Good unit tests mock out all external dependencies. But, that sometimes means there's little or nothing left to test. Some methods are essentially glorified database calls.
I've worked in places where "write tests" is so heavily cargo culted that those kinds of tests get written. The cost is whatever time it takes to write the test, plus the amount of time it takes to execute the test, every time it's run. You also have to maintain that "test" code, and all these things have costs, which could be avoided by simply thinking about whether to write the test in the first place.
Yes, quite common. I've been a software engineer in the Investment bank industry for about 15 years, worked at various hedge funds, brokerages and asset management firms in Boston, NY and recently in San Francisco.
Just 1 out of 6 firms I worked at had any kind of test driven development. In my experience, the lack of testing is not from a "hustle" mentality. It has more to do with the fact that the Fintech space in general, and investment banking in particular always lags behind in technology and processes. In companies that I tried to incorporate some sort of unit tests and TDD, the push back always was "We don't have time in the project timeline for writing tests. There is a QA team that will do that." Either the benefits of tests in software development process hasn't been "sold" to the IT Managers, or they are completely unaware of it, coming from a traditional waterfall methodology.
Another thing that's been the driven of this workflow is that traders and portfolio manager routine so some sort of un-scalable automation for their workflow. I once worked with a Bonds trader who had an enormous spreadsheet with over 80 tabs, links to bloomberg realtime pricing, a bunch of macros and such. The work that my team used to get was to take that spreadsheet and turn it into a database driven application that wouldn't "Freeze" or "choke" periodically as it used to in Excel.

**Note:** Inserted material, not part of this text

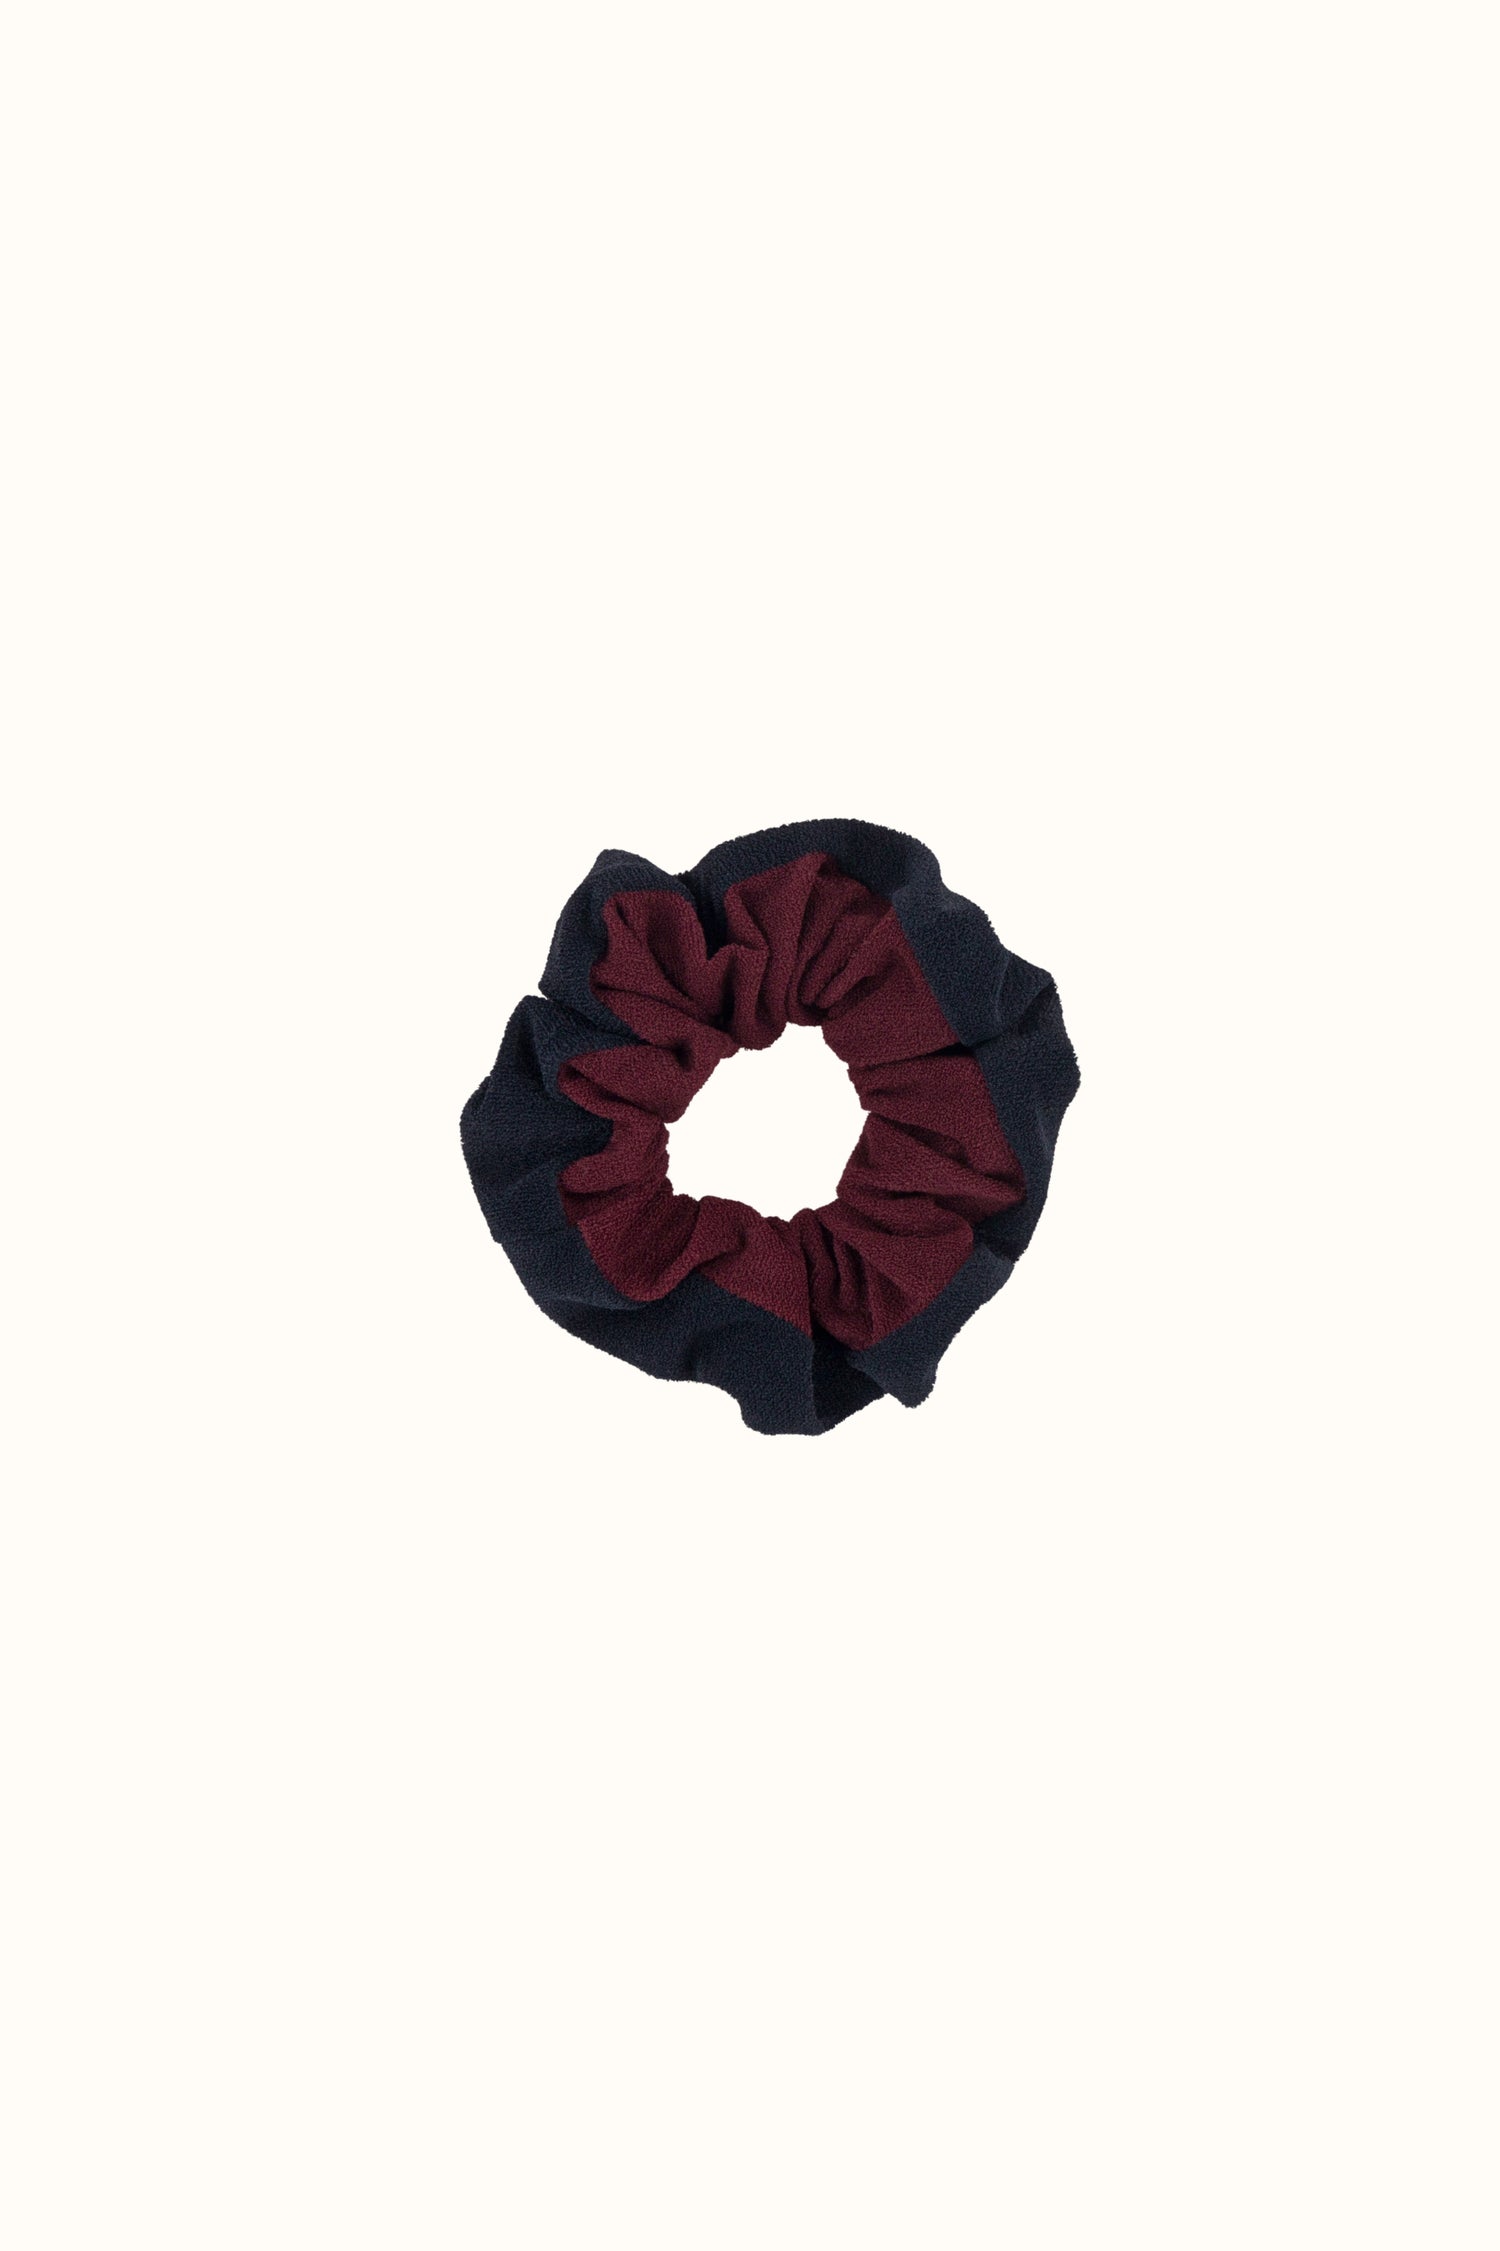 The Coco Terry Bow Scrunchie

In such situations, which is also very common and you'll likely run into it, your manager will ask you to work with said trader or portfolio manager and do the conversion. In these type of projects also I wasn't allocated any time to write tests. As soon as a portion of the application is ready, the traders or PMs would themselves run tests against a QA instance. In order to keep my sanity, I would write tests that wouldn't be in source control and wouldn't tell my manager about it.
You have to start with integration tests, then go down the stack if you have time and resources.
Source?
Please. This is just plain wrong. Integration tests also belong to TDD.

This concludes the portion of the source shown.